Establishing independence from our parents is a life-long effort for most of us, but it can be done, often with a minimum of fireworks or tears. Try following this 4-step process.
1. Say what you observe happening, in clear, non-judgemental language. "Mom, I heard you tell Suzi to stop (some behavior) four times in the past ten minutes." Or, "I noticed you took Suzi's toy away from her." Or, "You gave the girls a treat I wish they didn't have." Or, "You have given Suzi instructions that directly contradict my wishes."

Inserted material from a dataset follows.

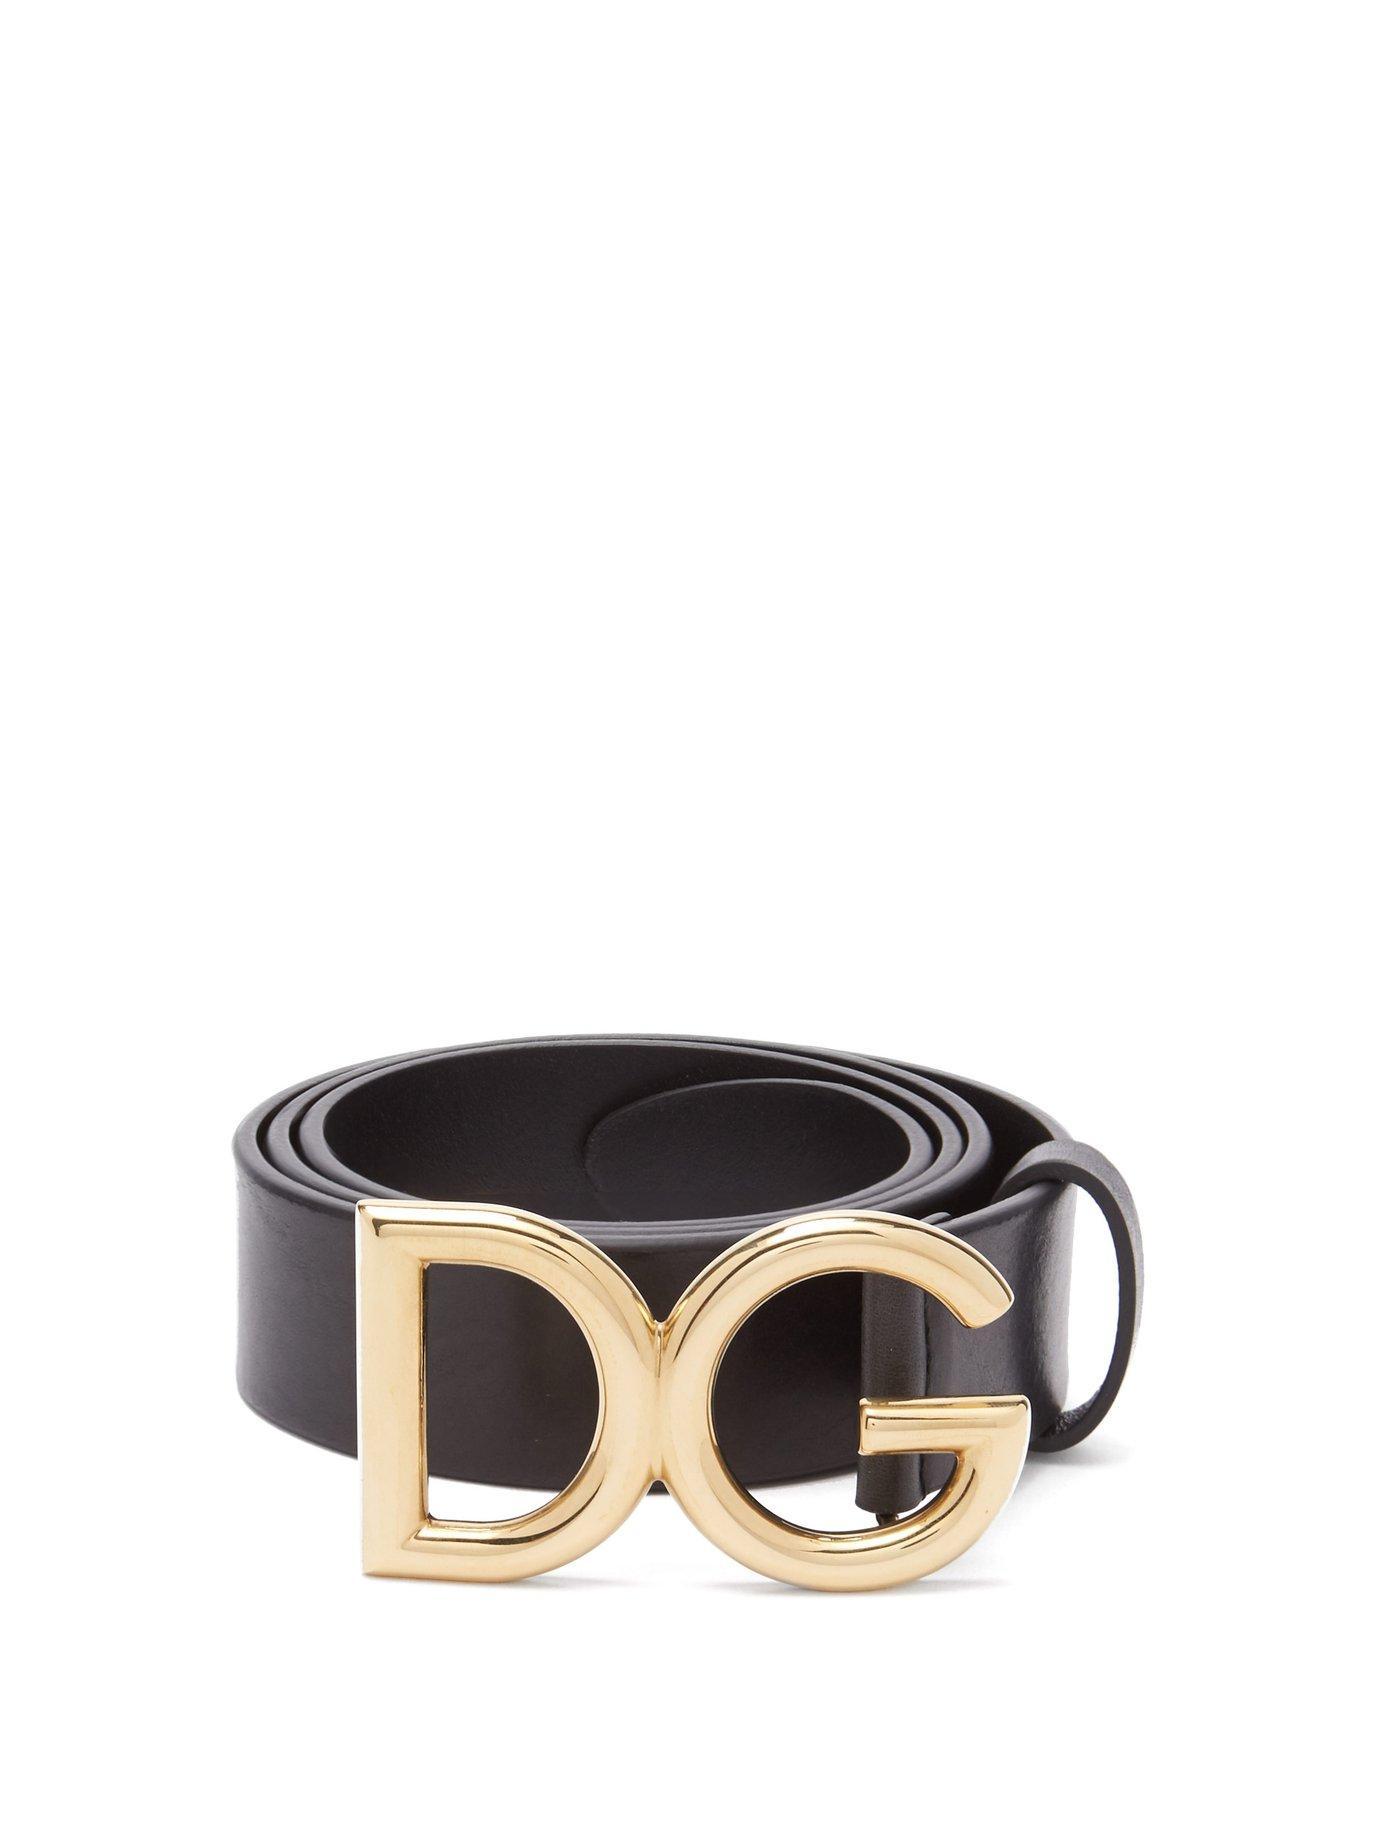 Lyst - Dolce   Gabbana Dg Buckle Leather Belt in Black for Men 3855b6078c7eb

2. Make a stab at what her motives might be. Use the most compassionate language you can. "I wonder if you worry that she will make a poor impression on people." Or, "It seems that she is really bothering you." Or, "It looks like you're concerned about her developing a bad habit." Or, "You really want Suzi to love you." Or, "It appears that you worry about my parenting skills."
3. Tell clearly how you feel about it (not "you MAKE me feel negative," but rather, "when you do this, I FEEL negative." A fine distinction, but empowering). "I worry that my daughter will be confused about who's in charge here." Or, "I feel angry / hurt / upset when you take issue with my parenting indirectly." Or, "I'm anxious about both being a respectful daughter to you and a responsible parent to my children when this conflict arises." Or even, "When you do that, I sometimes wish you weren't in my home." Or, "I'm sad that my daughter seems anxious to be left alone with you."
4. Tell what needs you have that are being violated or ignored. "I have looked forward to raising children according to my own wisdom, and I need your cooperation / support." Or, "These are my children, and I need you to respect my choices / style / parenting." Or, "I need you to consider my feelings / needs / wishes here." Or, "I want to relax and enjoy having you here."
5. Make a clear request that is within your mom's ability to satisfy. "So, I want you to pay attention to my rules when you are interacting with my children." Or, "Please check with me first to be sure that doesn't mess up my plans." Or, "If you think I'm making a mistake, talk to me about it, don't circumvent my authority with my children." Or, "I'll be glad to hear your opinions if you explain them to me directly." Or, "So please take it easy, and let me be the parent."
This approach will help establish your grown-up-itude, while being respectful to both your mother and yourself. Obviously, you can combine the steps above into a more natural flow, but I've separated them for clarity. It might also help to practice the steps in front of a mirror until they feel like "you."